Thursday, October 23, 2014

Coping with anxiety

Daily yoga practice has brought about many changes in my life.  I've experienced many physical benefits (like my pants fitting better, better digestion, and less frequent sickness), but the mental benefits are what surprise me most.

Ever since I was little I have had a fear of throwing up.  Me throwing up.  A stranger throwing up.  Hearing someone throw up.  Seeing it.  Thinking about it.  Ugh.  Honestly, I cringe even writing the words "throw up."  My family always said I had a "Barf Radar," because I have a sixth sense about vomit.  I always seem to know beforehand when someone is going to hurl, and I would run and hide as quickly as I could.

Having children is NOT a vomit-free job.  It's pretty inevitable that you will someday be cleaning up throw-up in the middle of the night...multiple times.  When I had my first child, I was panic stricken.  I'm not kidding--- moments after giving birth, I started freaking out about the inevitability of puke.  It strikes fear into my heart.  I have no idea why.  I think that's the definition of a phobia, right?

Anyway, the point of all of this is that when my son used to get sick (even just a runny nose and cough), I would tense up.  I'd start trembling so badly I couldn't hold a cup.  My bowels would start churning and I'd get stress-diarrhea. I was so anxious and scared I would make myself sick.  The possibility of him maybe throwing up was too much for me!  I would spend the entire night awake and tensed.

Since I've started a daily yoga practice I find that I have space in my mind to step back from any situation before I react.  So when my children get sick now (actual throw-up sick), and I start to feel myself getting anxious, I breathe.  I'm able to look at the situation and see that there is no physical threat here.  It is a "perceived threat," and my body is reacting as if it were in danger.  All of a sudden I can stop the anxiety in its tracks.  I can breathe it away and move forward with the mantra, "I am safe."

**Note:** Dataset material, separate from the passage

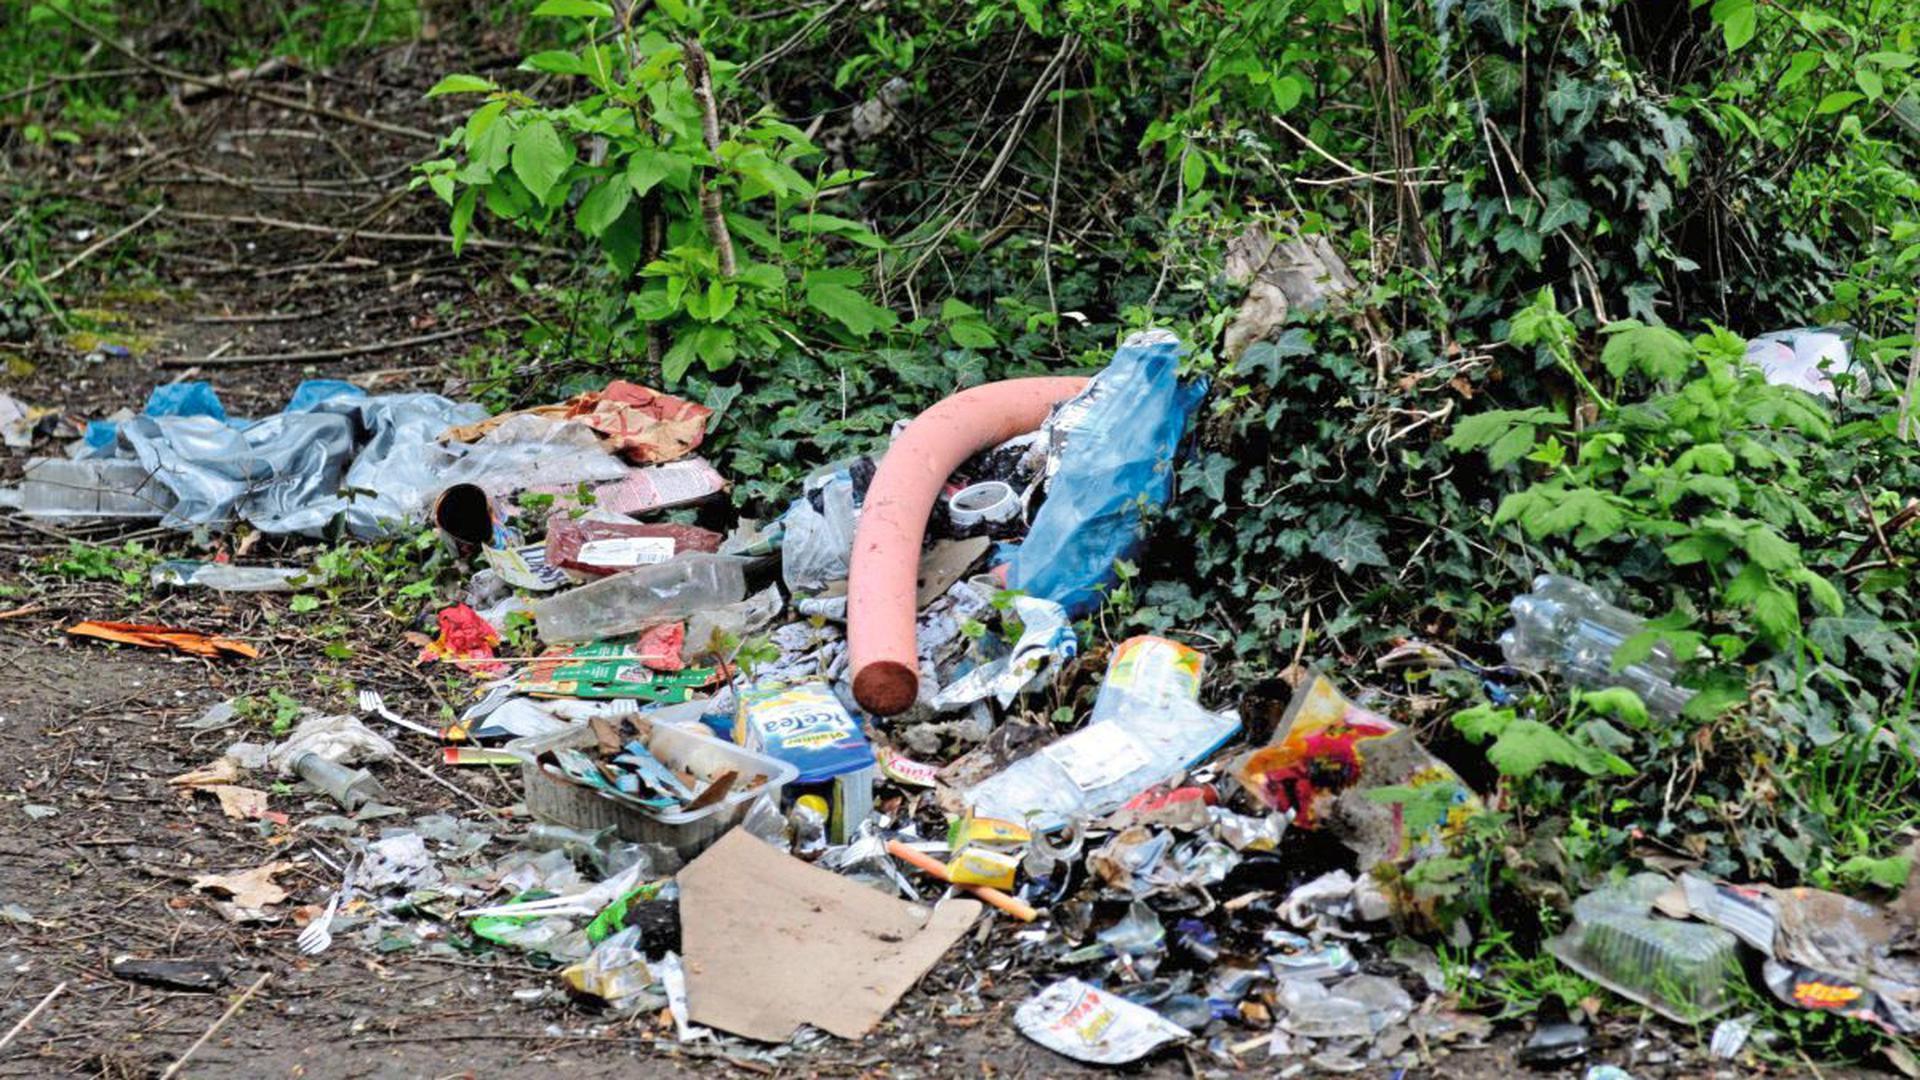 Immer mehr Menschen entsorgen ihren Müll in der Natur. Die Förster ärgert das.

Yoga is a physical practice that guides our bodies into situations of "stress" and teaches us to breathe through the stress.  Relax into it.  As we move into different asanas we are teaching our bodies to move into stress and find peace.

In an article published in her teaching manual, Syl Carson, founder of Bodhi Yoga, says, "In cultivating a yoga practice we teach our bodies how to move into perceived stress, 'playing the edges' of pain, discomfort and opening.  Outwardly this may look like simply a physical movement, however; the process is equally mental as we face our own internal fear and control issues" (Yoga and the Physiology of Stress)

Anxiety has always been a part of my life, and it will probably always be a part of my life.  My Vata constitution makes me prone to anxiety if I'm out of balance.  Thankfully yoga is a simple exercise in bringing me back to earth.  It gives me the ability to recognize times of stress and not allow them to carry me off into fits of anxiety.